The Israeli education system
- The 1949 Compulsory Education Act was the first official legal action taken in Israel to enforce compulsory education, ensuring free school attendance for children, for 9 years, from age 5. In 2009, compulsory education was extended until grade 12, and in 2016 compulsory school enrolment was lowered to age 3.
- State-funded Israeli general education works along a four-stream system, which provides secular, religious, and ultra-Orthodox (Haredi) educational institutions for Jewish Israelis. There are Arabic schools for the Arab, Bedouin, Christian Arab, and Druze Israeli minorities.
- Hebrew-speaking schools are managed by Jewish principals while schools teaching in Arabic are coordinated by Arab principals. However, all principals are subjugated to a centralised Israeli administration, funding, and curriculum which ensures similar requirements and teacher-salaries.
- Despite compulsory education starting at age 3, 47% of children are already enrolled in an educational institution before age 2. 99% of children between 3 and 5 was enrolled in an educational institution in 2019.
- It is commendable that more than half of the population, between 25 and 64 years-old, held tertiary attainment in 2019.
- Broken Chalk is pleased to note that Israel spends 6.7% of its GDP on education which is above the 4.9% OECD average.
- Between 2003 and 2017 dropout rates have fallen from 9.9% to 7.6% which is particularly remarkable since it ‘occurred primarily among the weakest students in the system’.
- Despite all the investments and successes, the Israeli educational sector does show severe issues. Problems in the system are often related to the inequalities of the four-stream educational system, socioeconomic inequalities, and discrimination based on ethnicity.

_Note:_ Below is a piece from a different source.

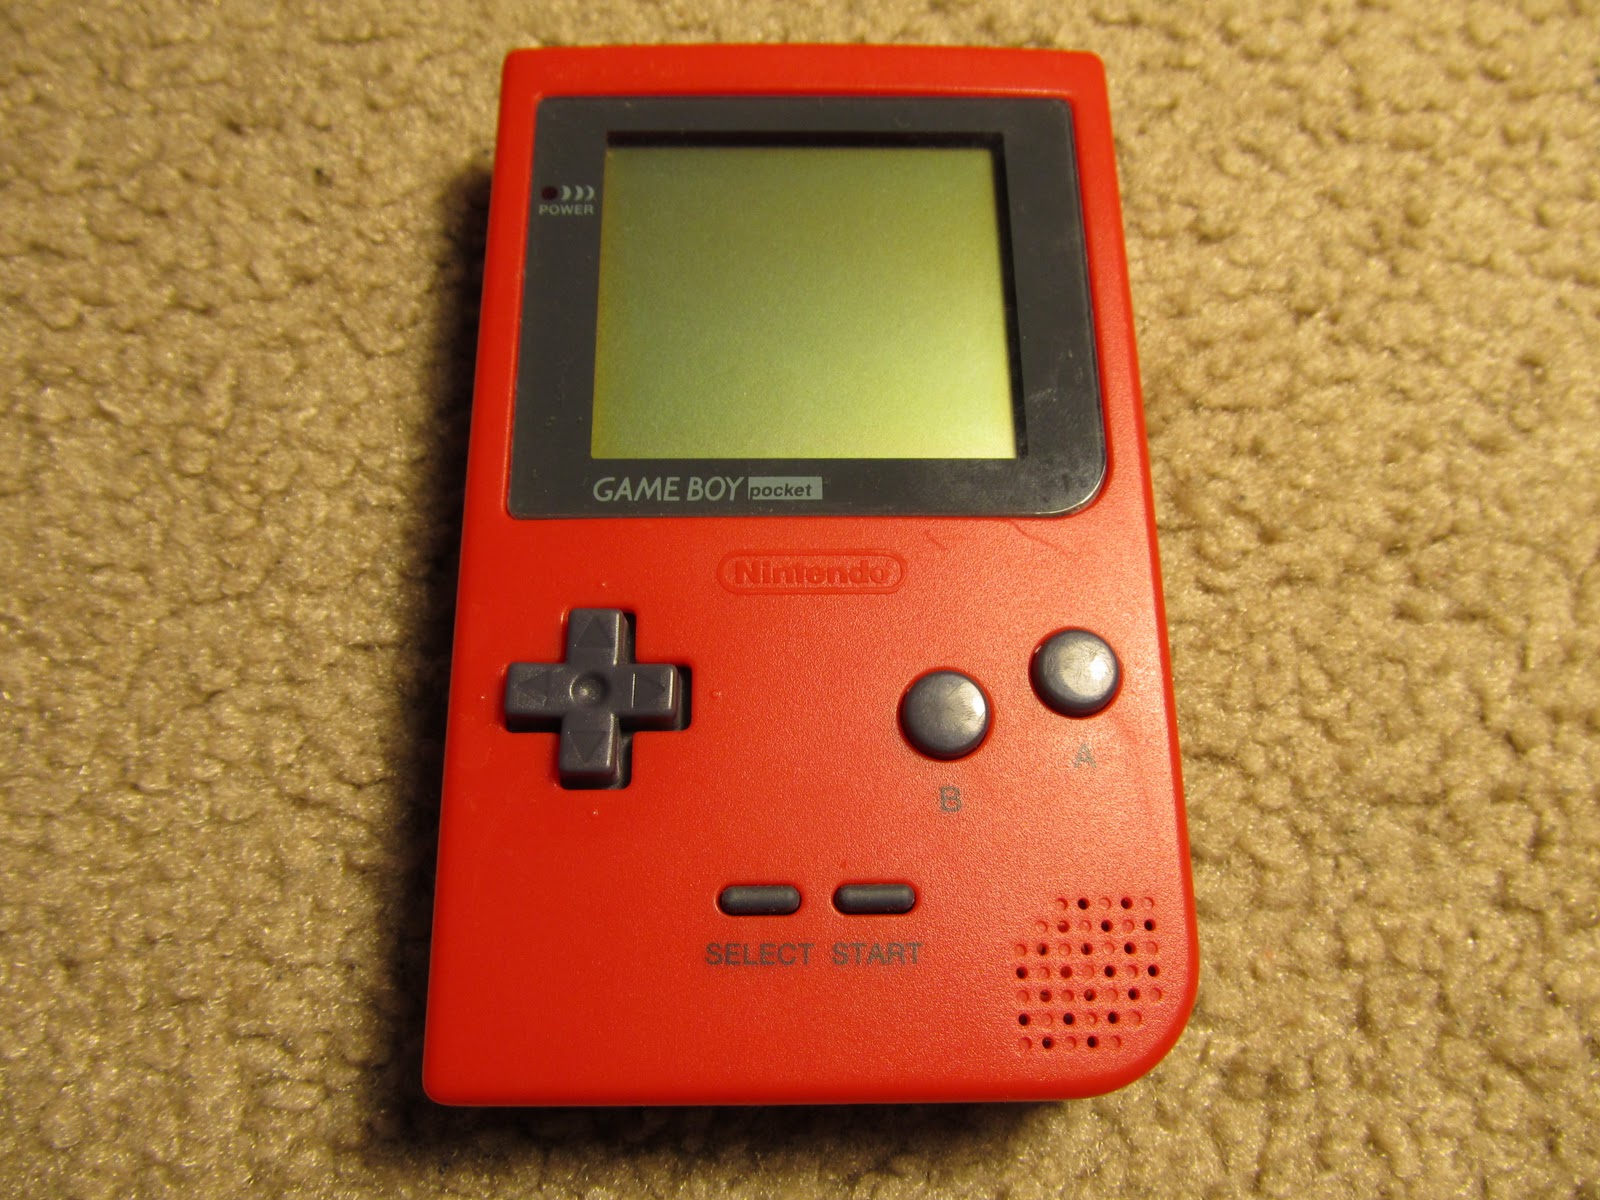 Nintendo ребенку. Геймбой 2. Нинтендо геймбой. Геймбой приставка из 90х. Nintendo game boy Pocket.

- For instance, Israel has one of the highest gaps in achievement, based on the best and worst performing students in PISA, among OECD countries.
- Furthermore, enrolment numbers decline as studies proceed: enrolment amounted to 96.5% between age 6 to 14, while it was of 66.1% between age 15 to 19, in 2019.
- As Israel has ratified the Convention on the Rights of the Child [CRC] in 2005, the state must commit to carry out its duties and obligations which include the insurance of free compulsory education and equal opportunity for all children. Thus, Broken Chalk urges Israel to address all issues which prevent the realisation of the rights enshrined in the CRC.
Overview of the previous UN UPR cycle
- In its national report prepared for the 2018 UN UPR, Israel particularly emphasized its efforts to ensure human rights in its territories, including access to education. Israel promised to work for closing educational gaps, and for the integration of minorities into the Israeli society, also through education. Efforts are reflected in the Resolution project from 2014-2017 targeting Druze communities to improve their education, and in the efforts to provide state funded higher education for the Arab communities through the CHE academic colleges.
- Israel took further steps in expanding the number of years spent in education by lowering the obligatory school entrance age to age 3 and expanding after-school day-care services in 2017.
- In the previous UPR cycle, Israel received 5 recommendations regarding the right to education, focusing on narrowing the inequality gap among different ethnicities. Israel supported 3 of these recommendations, however it rejected 2 which regarded the issues existing in Area C of the occupied territories in West Bank (see section IV.).